Apart from only describing the possible burden – both physically and mentally – that caring for CWSID has on the caregiver, this study also aimed to determine any possible contributing factors considering the caregiver’s demographic factors. These likely impacting factors could be any combination of lack of financial stability, support structure, number of dependants or the caregiver’s age that could influence the financial, emotional, social and health conditions of the caregiver as identified by the demographic questionnaire (McKenzie et al. 2013). The current study focused on the demographic factors the caregivers face on a daily basis. Included amongst these factors, social support was assessed since social and emotional support is critical for stress management and well-being of the caregivers (Nguyen et al. 2019). Apart from social and emotional support, the caregiver’s financial support was identified as another potential risk factor for increased burden. This was identified as previous studies also indicated that perceived financial well-being is a predictor of overall well-being (Netemeyer et al. 2018).

Families of CWSID endure extensive financial strain because of the multitude of service needs required by these children (Modula 2022; Saunders et al. 2015). Financial burden may be because of caregivers who have to abandon their career to care for their CWSID and are, as a result, at risk of unemployment (Chou et al. 2018).
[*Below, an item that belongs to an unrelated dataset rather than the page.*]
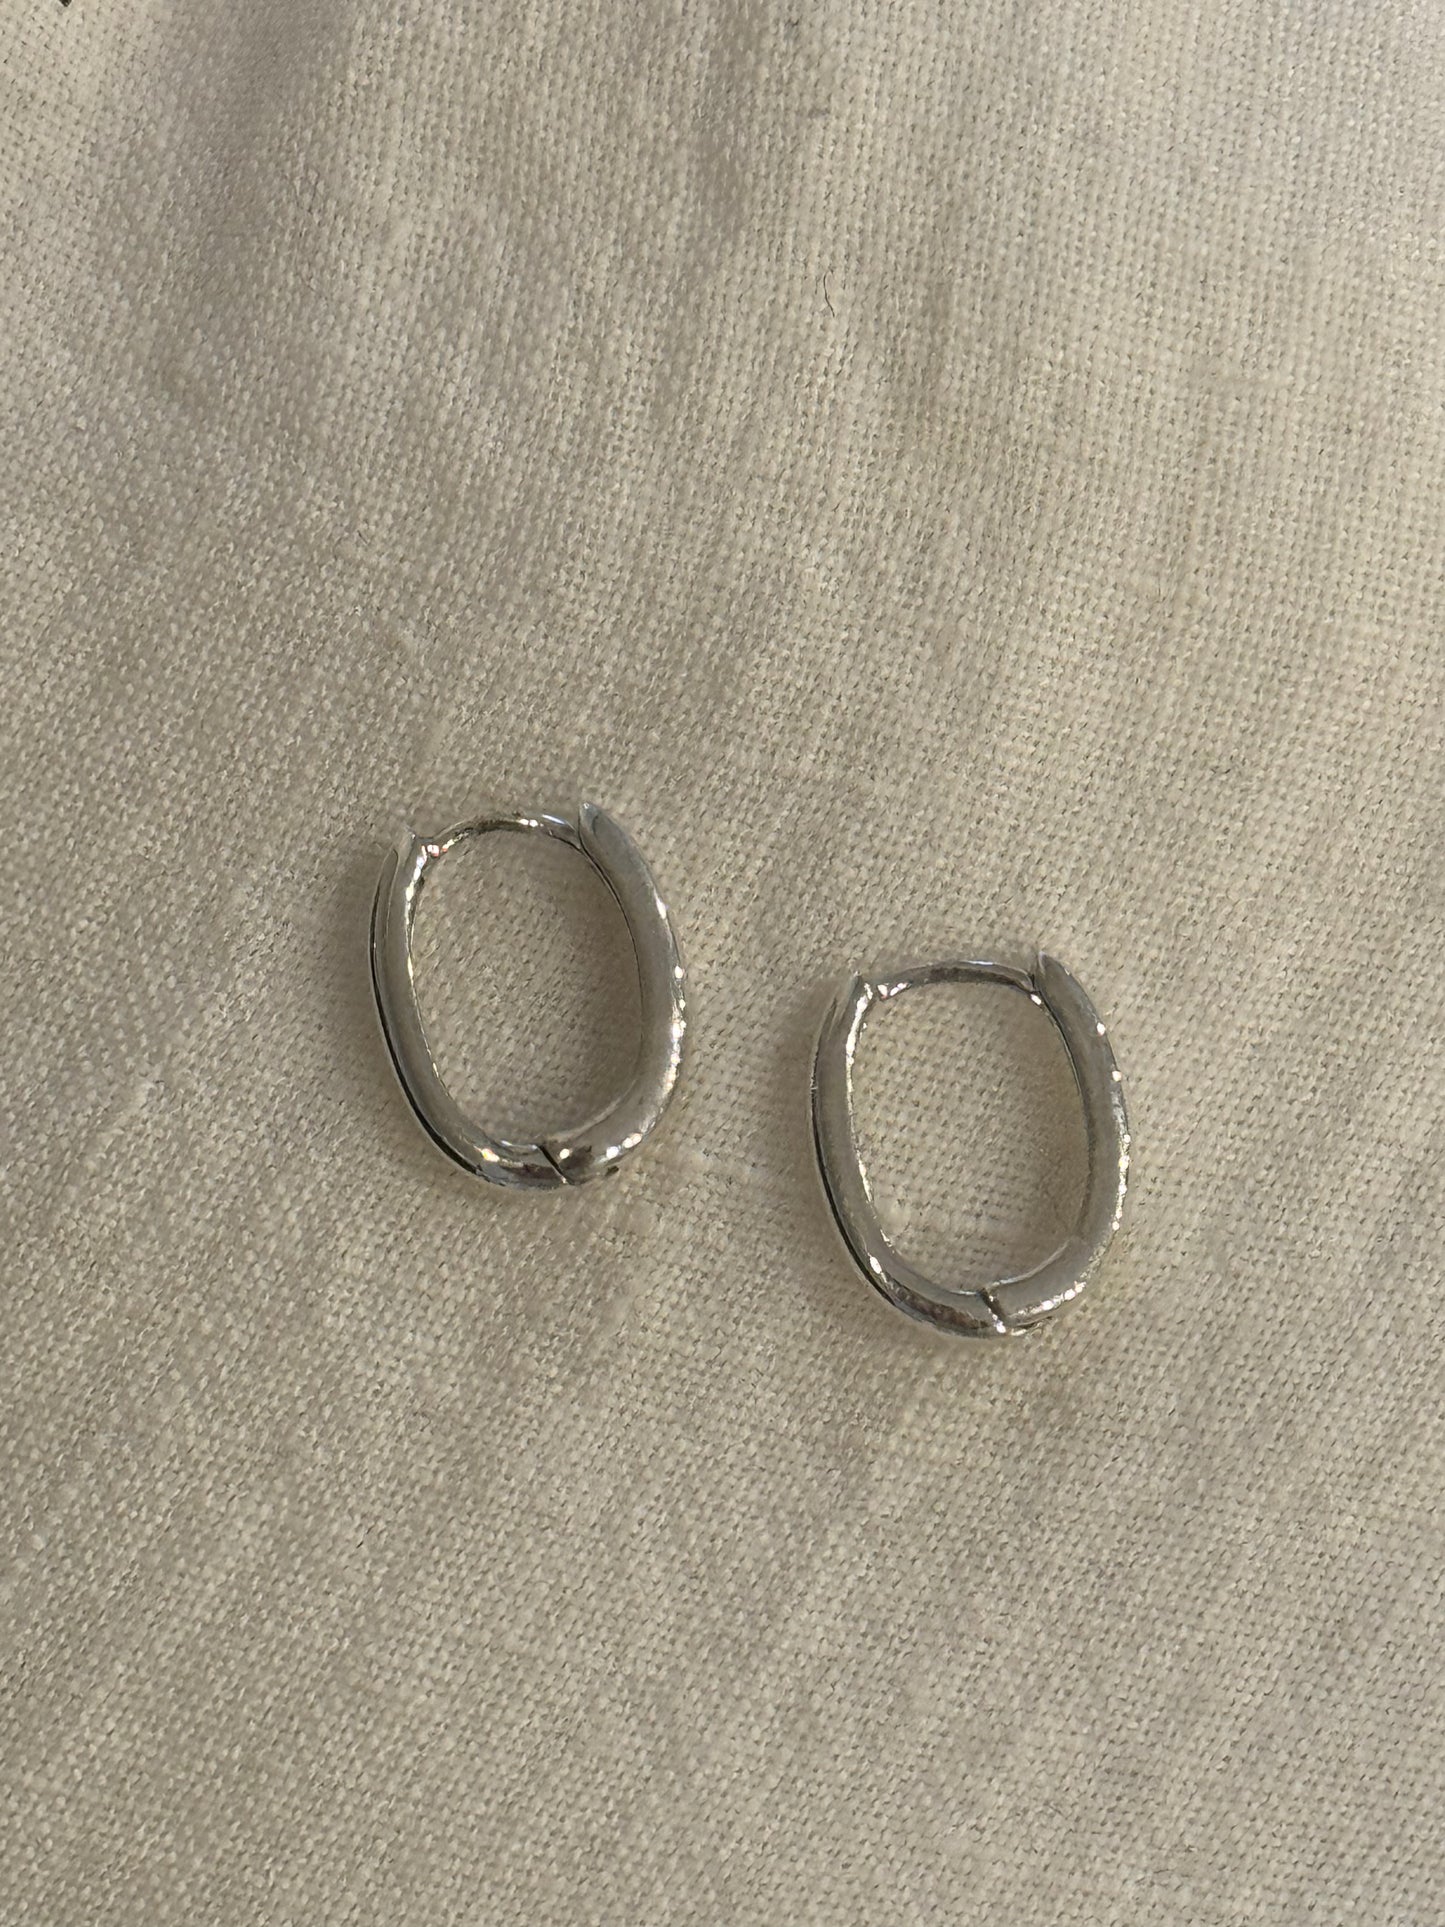 Silver Earrings Plain Huggies Earring

Financial challenges could potentially be exacerbated by caring for CWSID without receiving a social or disability grant, as reported by 58% (n = 123) of the caregivers. This is also reflected in Statistics South Africa as it was found in July 2020 that 54% of South African people receive a social or disability grant (South African Social Security Agency [SASSA] 2020). Nonetheless, Modula (2022) found in her study that, although South African caregivers indicated their need for financial support (such as a social or disability grant), they were of the opinion that these grants were inadequate in meeting the basic financial needs of the families.

This study confirmed that caregivers of CWSID experience high levels of burden because of caring for their children. Not only do they experience financial burden but caregiver participants also experience burden in multiple areas of life that could influence their overall well-being and QoL (Javalkar et al. 2017; Mkabile et al. 2021). Similar trends were observed in international literature. For example, in a study performed by Thomas et al. (2018) in India, also a LMIC, it was found that the caregivers experienced emotional burden as well as an overall decreased QoL because of their financial burdens.

Bio-ecological systems theory

Participants in this study confirmed that their main social and emotional support was from family and friends. This links with Bronfenbrenner’s ecological systems theory, where the caregiver’s support is found primarily in the microsystem and mesosystem (Bronfenbrenner 2005). Caregivers reported that they are not receiving professional support to aid the level of caregiver burden they experience. This lack of professional support was also confirmed by Modula’s (2022) study who found that caregivers of CWSID felt unsupported and neglected by professionals (including teachers and healthcare professionals).

Research within South Africa posits that there is limited evidence-based protocol and practices for the intervention of CWSID (Courtade et al. 2015). This study aimed to identify possible risk factors by assessing these demographic factors in order to address intervention better. It should be noticed that no statistically significant associations were found between the demographic factors and the level of burden experienced by caregivers of CWSID. According to Abidin’s framework (1995), the caregiver’s subjective feelings regarding their parental confidence and investment should be considered. Healthcare practitioners should thus realise the impact of migrating from the medical to a social model while dealing with caregivers of CWSIDs and should acknowledge the overall well-being and QoL of the caregiver (Anaby & Pozniak 2019). Therefore, healthcare practitioners need to work as a transdisciplinary team and not in silos when providing intervention to CWSIDs and their family (Okoh et al. 2020). The input from the transdisciplinary team could potentially have a positive impact on caregivers when all team members recognise the role of caregivers within this collaborative team. Parents know their children’s needs and could provide the team with useful information needed to provide the best intervention for their children (Piotrowska et al. 2017). By including caregivers within the decision-making of the intervention goals, healthcare practitioners may also be able to better understand the caregivers’ level of burden as well as to identify any potential contributing biographical risk factors (Guralnick 2017).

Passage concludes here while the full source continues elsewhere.